Even though Jon didn’t appear angry or shift away from where our thighs touched, guilt like I hadn’t experienced in years twisted my stomach. My body’s reaction to the pale-eyed stranger must have hurt Jon, and like an idiot, I’d invited Elijah to stay for breakfast without thinking it through beyond my desire to feed and care for a guest.
I’d promised Jon all those years ago when my sixth sense nearly ended us to never hurt him again. That he was my one and only, forever and always. Jon was my reason for living and had been since we were young. There had never been a doubt in my mind that we were meant to be together. Best friends as children, we’d bonded by our similar home life, but we became so much more as we had grown into adulthood. Our bodies changed at the same time, mine much later than most girls. A late bloomer but perfectly in tune with Jon’s squeaky voice and filling out.

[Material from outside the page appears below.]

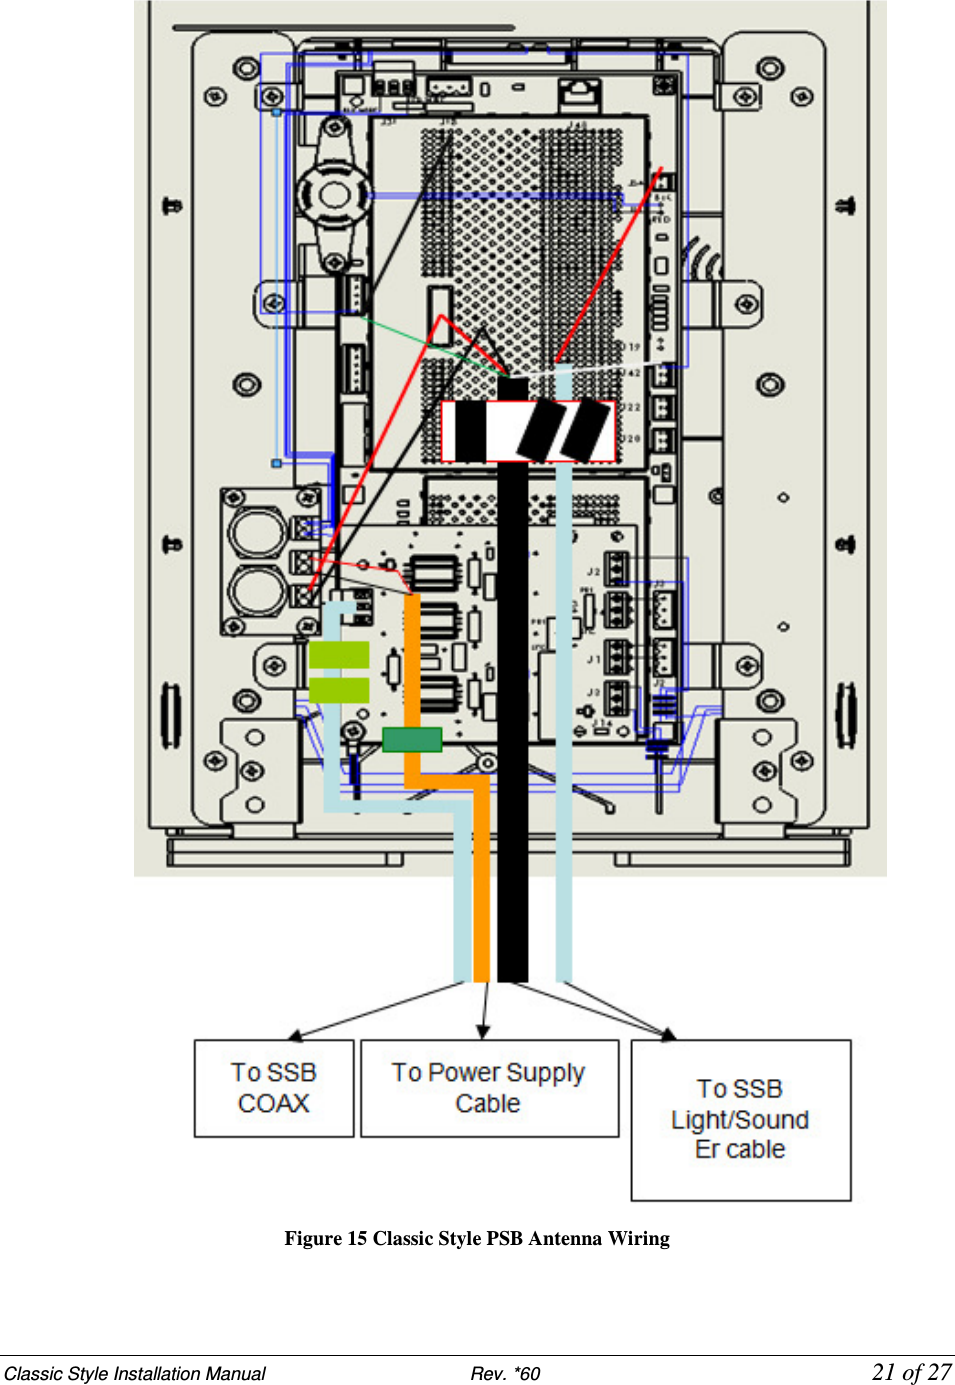 Classic Style Installation Manual                           Rev. *60           21 of 27   Figure 15 Classic Style PSB Antenna Wiring

I hadn’t ever considered touching another man, hadn’t ever desired anyone else in that way until the crystalline blue eyes of Elijah Tolzman met mine. My blood roused like I read about almost nightly on my e-reader. Unnatural, unquenchable desire even more than I felt for my husband flooded through me and refused to lessen as we ate.
The yearning to draw closer to the man disrupted more than just our peaceful hike through the White Mountains. He’d brought an unrest deep in my soul I couldn’t categorize in my head. And although Jon had always been the one I trusted with my emotional well-being, I feared my need of his direction in that moment. Knowing how Elijah made me feel would prickle Jon’s insecurities that stemmed from his never measuring up to the expectations his foster parents had put on him.
But what could I do other than defer to Jon’s leadership?
I would find a way to squash the stirrings inside me.
Had to. Then Elijah would leave, and Jon and I could move forward in the life we attempted to build together.
My eyes strayed to the one who’d disrupted our peace.
Elijah was the opposite of Jon, bulky with muscles compared to the lithe, swimmer-like body I’d had wrapped around me all night in our warm sleeping bag. An alpha, rugged mountain man aura surrounded Elijah although his carefully groomed facial hair and the styled hair atop his head suggested refinement. He spoke with clarity, enunciating every word, his manners impeccable even though we sat on the ground beside a campfire. If I truly believed in time travel as I did magical creatures roaming the earth among humanity, I’d swear the man had been born and raised a century or two earlier.
I wanted to capture his beautiful face from every angle, stolen images for me to ponder on as I often did over my laptop’s strange folder in attempts to figure out why I felt drawn to complete strangers.